Posteo is a privacy and security focused email service from Germany

Martin Brinkmann
Jun 2, 2015

Unless you are making sure that you are using encryption when using email, chance is that your emails get read by machines and maybe also individuals as they are not protected by any means.

German email service Posteo just announced an addition to the service's privacy-focused email offering that allows all users to encrypt their mail data with the click of a button.

Posteo is not free but affordable at $1 per month or $12 per year. Users get 2 Gigabyte of free storage for that with options to increase storage for $0.25 per Gigabyte per month.

What sets Posteo apart from the majority of other email services out there is its focus on privacy and security.

Privacy begins when you sign up.
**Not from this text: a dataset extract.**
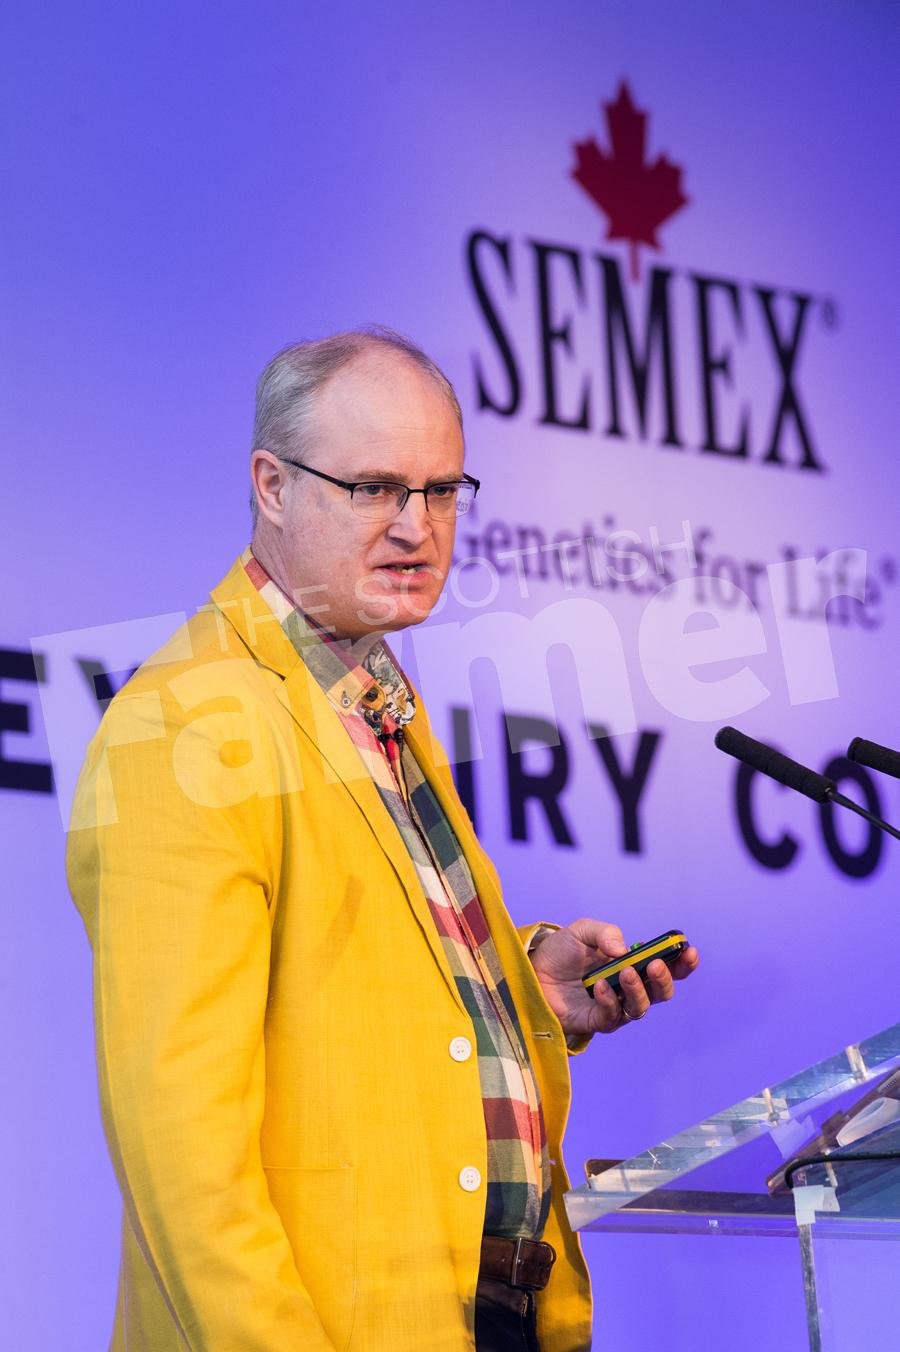 Speaking at SEMEX, Chris Walkland. Ref: RH140119035.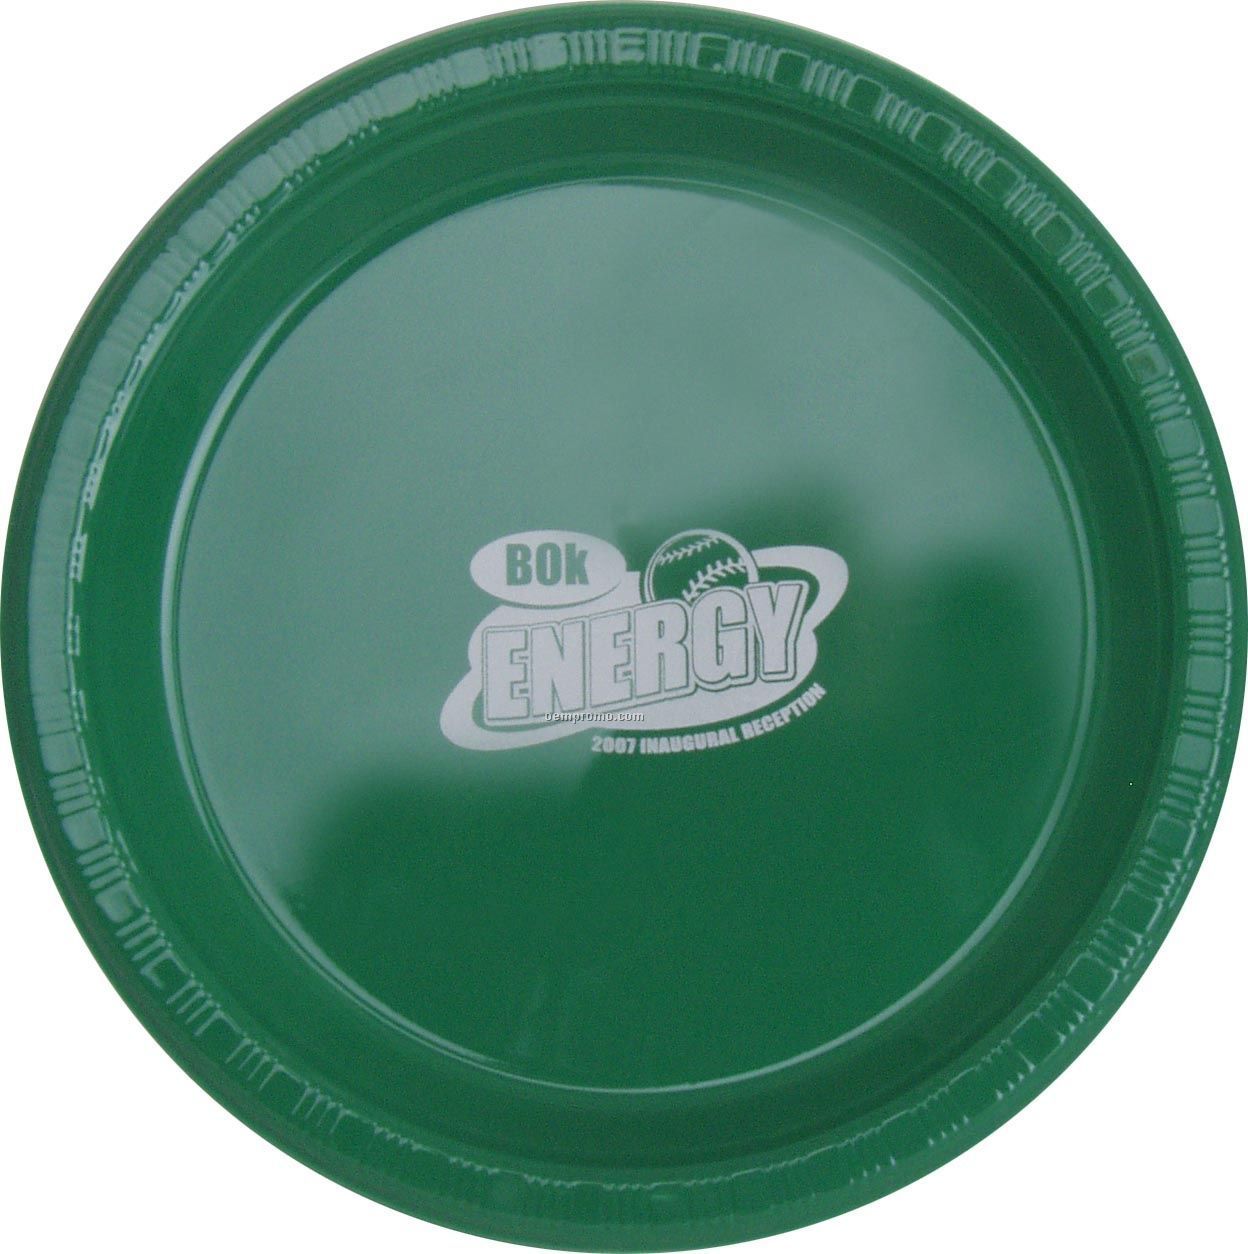 Colorware 7" Emerald Green Plastic Plate

While you can use your credit card or PayPal to subscribe, Posteo supports cash as well which ensures your anonymity. The sign-up form itself requests no personal information and Posteo promises that they don't save IP addresses and replace user IP addresses when sending emails with that of the Posteo server.

Posteo supports TLS-encrypted access and transmissions, encrypts all data on AES encrypted hard drives, and supports the previously mentioned crypto mail storage.

To use it, select Settings > Encryption from the menu, enter your account password again to verify that you have access to it and then the "activate crypto mail storage now" button.

Once you hit the button, all emails of the account are encrypted using the password. This includes not only the email body but also attachments and metadata. In addition, all future emails that arrive are encrypted as well.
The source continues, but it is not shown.